NEW YORK -- Steel prices are falling fast, promising quick relief for some automotive suppliers and setting the stage for a battle between automakers and major steel makers over next year's contracts.
In the United States, spot-market prices for hot-rolled steel have fallen from $756 per ton last September to $425 per ton today, says Charles Bradford, a metals analyst at Soleil Securities Inc. in New York.
Hot-rolled steel is the raw material for the more expensive processed steel used for under-the-hood components and the galvanized steel used for body panels.
Automotive steel costs $100 to $200 more per ton than hot-rolled steel. Because automotive steel prices follow spot-market price trends, automakers and suppliers can expect some relief.
In fact, prices already are trending down, confirms Neil De Koker, president of the Original Equipment Suppliers Association in Troy, Mich. But De Koker says prices still are higher than they were in 2003, when prices started to rise sharply.
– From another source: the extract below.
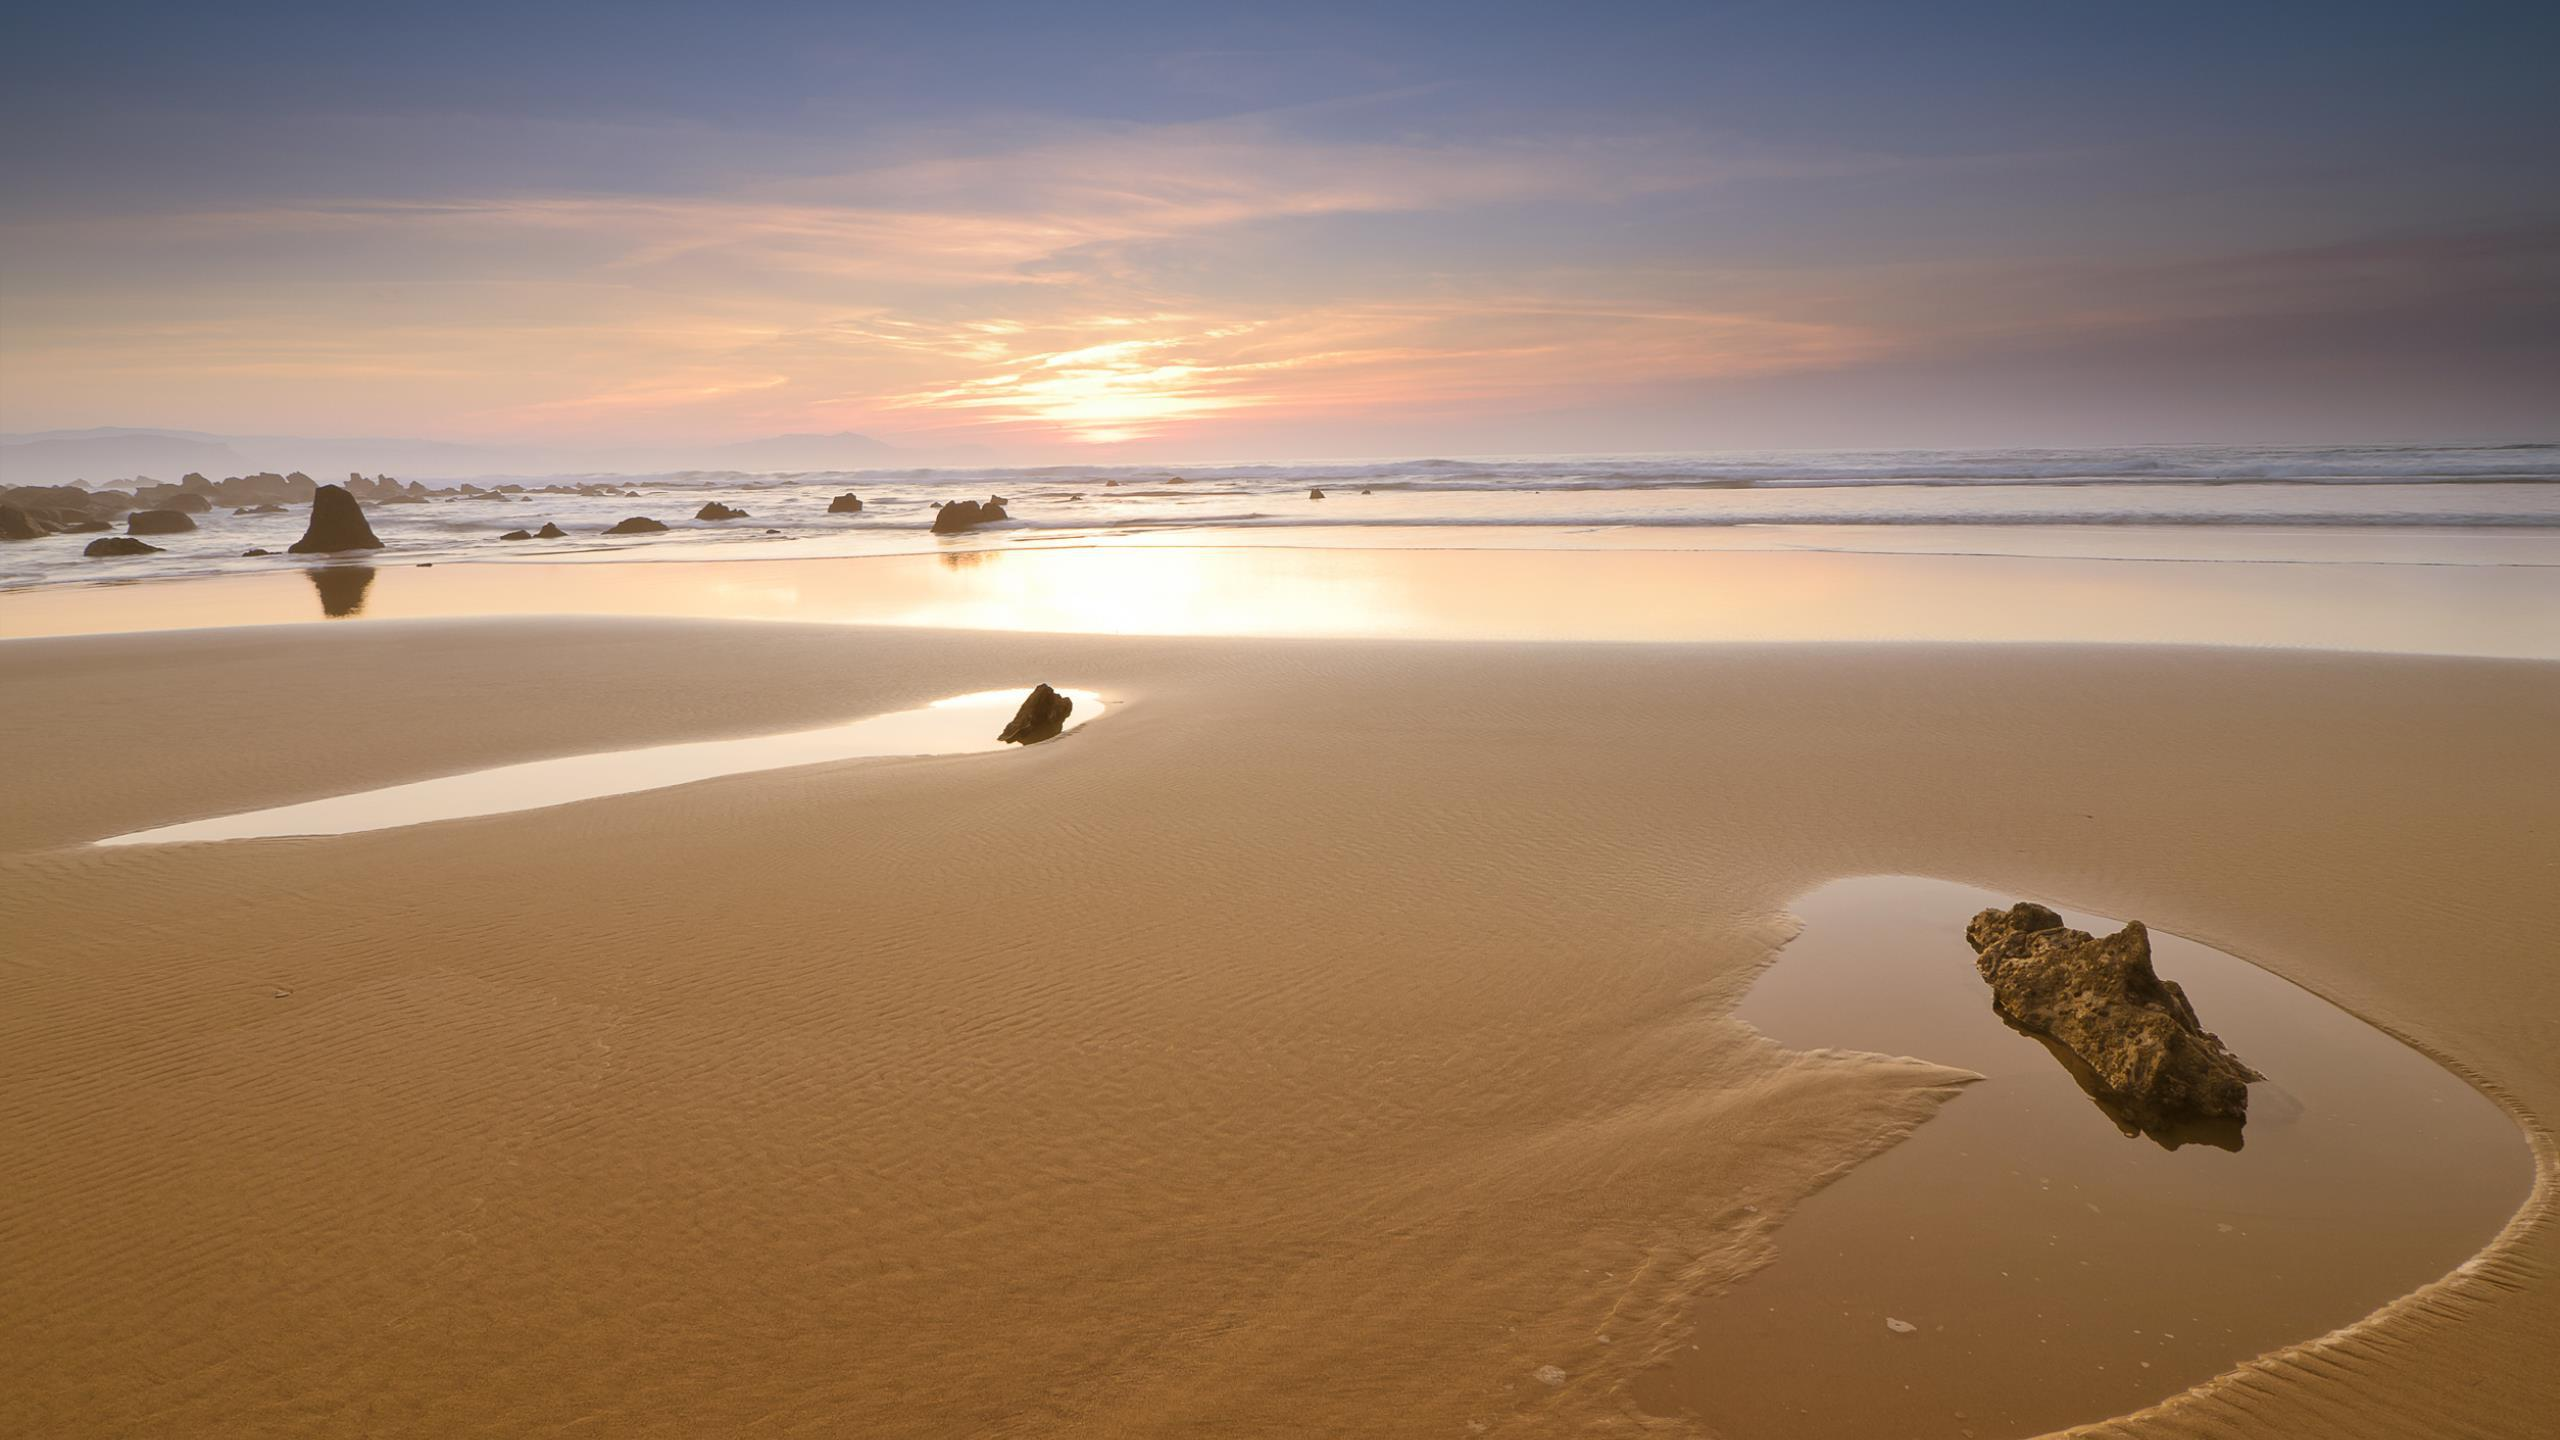 Widescreen resolutions (16:10): 1280x800 1440x900 1680x1050 1920x1200. Normal resolutions: 1024x768 1280x1024. Wallpaper Tags: beaches beach sandy beach
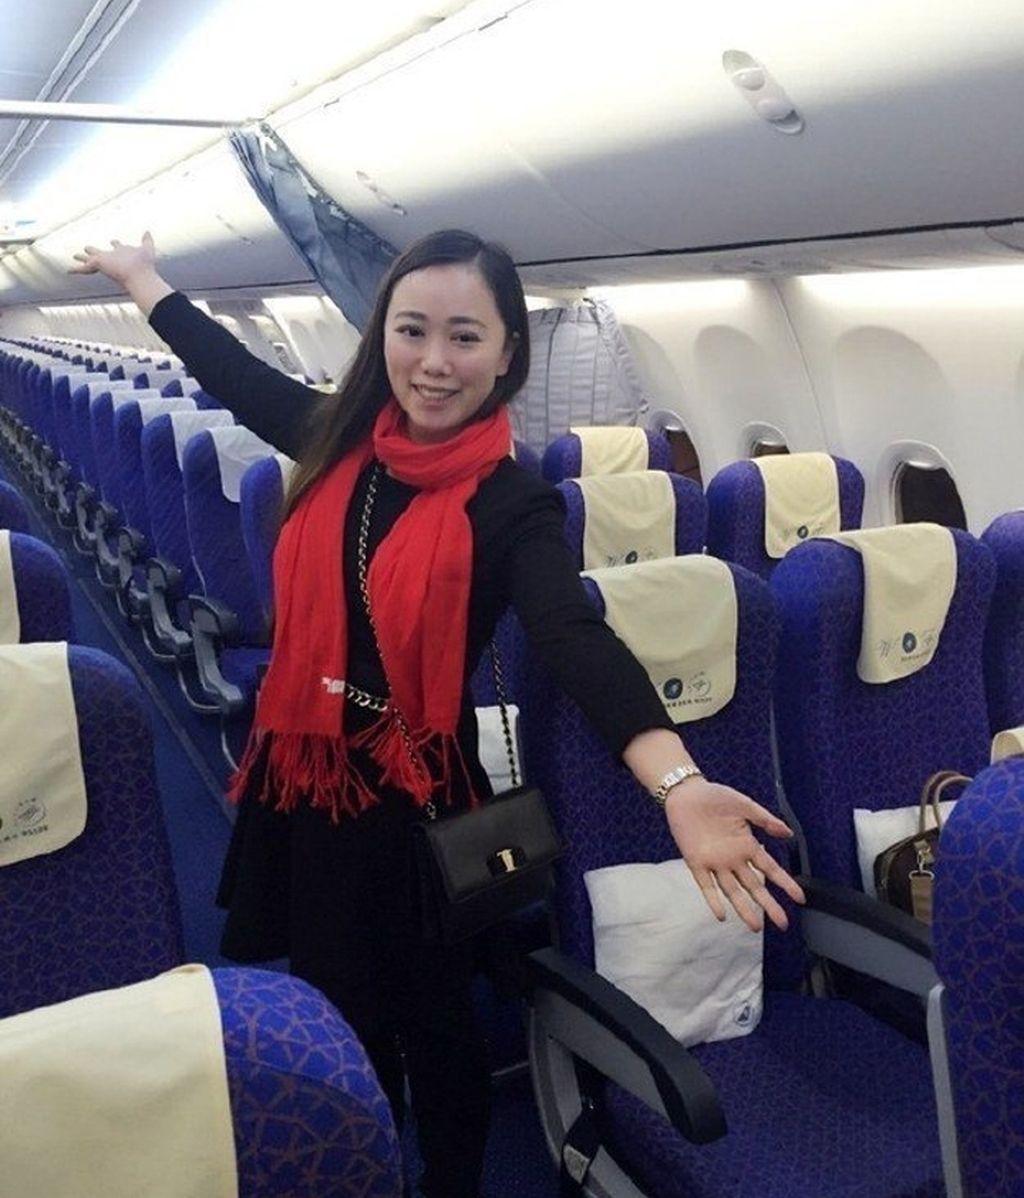 Viaja en un avión vacío

Declining prices stem from growing steel inventories at service centers -- the middlemen between the mills and customers. The service centers are stuck with big inventories from furious buying last year that created shortages and high prices.
Last year, surging steel prices hammered the auto industry. Prices skyrocketed as raw material prices increased, steel service centers built up inventories and China imported more steel. The increase shocked an industry that had enjoyed spot-market hot-rolled steel prices as low as $260 per ton in 2003.
Citation Corp., Intermet Corp. and Tower Automotive Inc. all declared Chapter 11 bankruptcy, although Citation has since emerged.